There was one very big flaw in her story and at last he was beginning to see exactly what must have happened. He thought he caught a movement to his left behind the crane but dismissed it as the wind swinging the rigging. ‘Why didn’t you come to us when you suspected Ross Skelton of killing not only your sister but also your husband?’

‘I couldn’t. You wouldn’t believe me. You’d try and blame me like you did poor Rawly.’

‘And we’d be correct. Because you did kill your sister, Patricia, and Ross Skelton discovered that while he was killing your husband.’ He saw instantly that he’d got it wrong. There was a flicker of smug triumph in the back of her eyes. He eyed her steadily and closely, rapidly recalling all the interviews with her, the times she’d lied and twisted the truth. Then he knew.

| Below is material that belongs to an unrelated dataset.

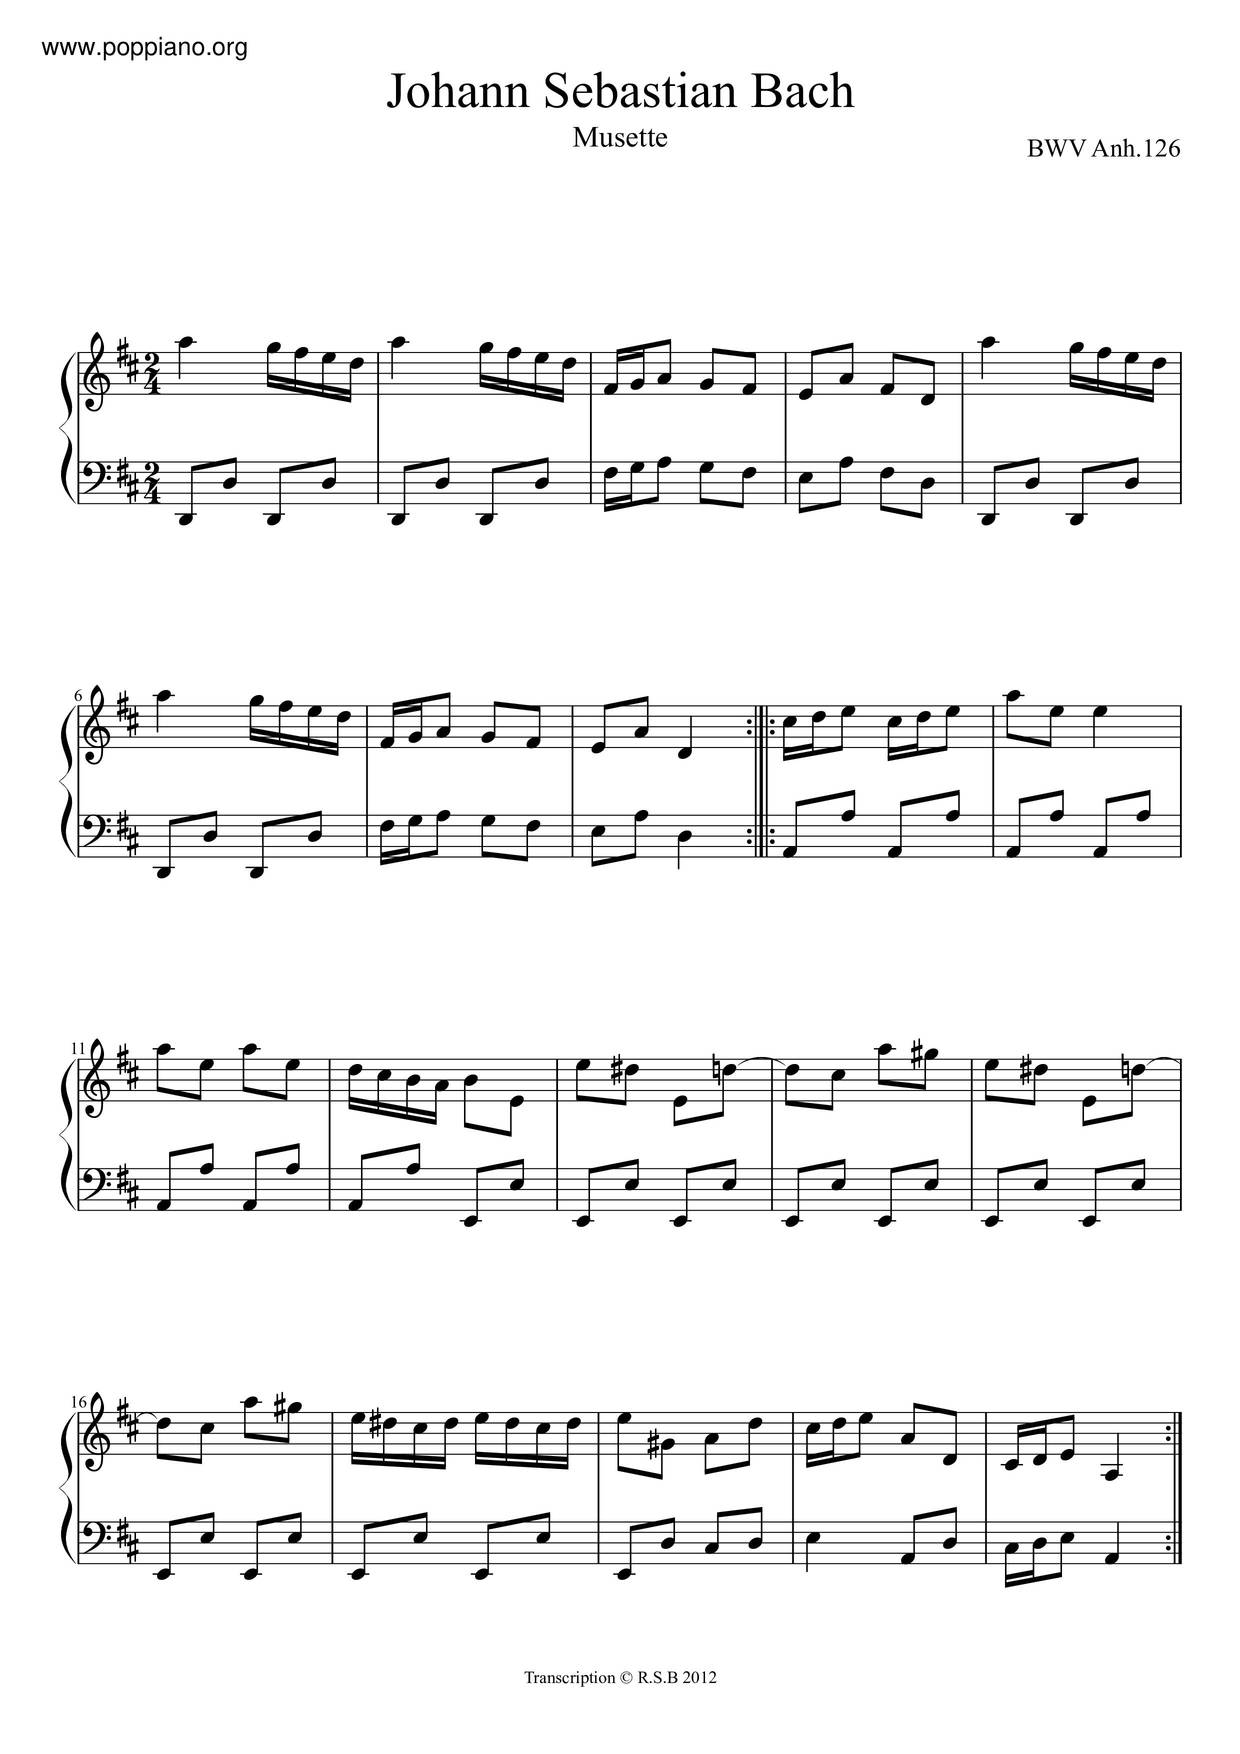 Musette In D Major, BWV Anh. 126 Score

Calmly he said, ‘Sharon didn’t kill Ellie, Patricia, you did.’ He held his breath keeping his steady gaze on her. Would she continue to deny it or would she finally crack? Only the wind howling through the crane rigging and the rain lashing against them punctuated the silence which seemed to stretch on for ever. Finally it broke.

‘It was an accident,’ she said in a rush. ‘I only pushed her. She fell and knocked her head on the cleat.’

He let out the breath he didn’t realize he’d been holding. That was consistent with the injuries to the skull that Dr Clayton had pointed out to him but there was more to Ellie’s death than that. With barely disguised disgust he said, ‘But you then dumped her body in the sea and left her there to rot.’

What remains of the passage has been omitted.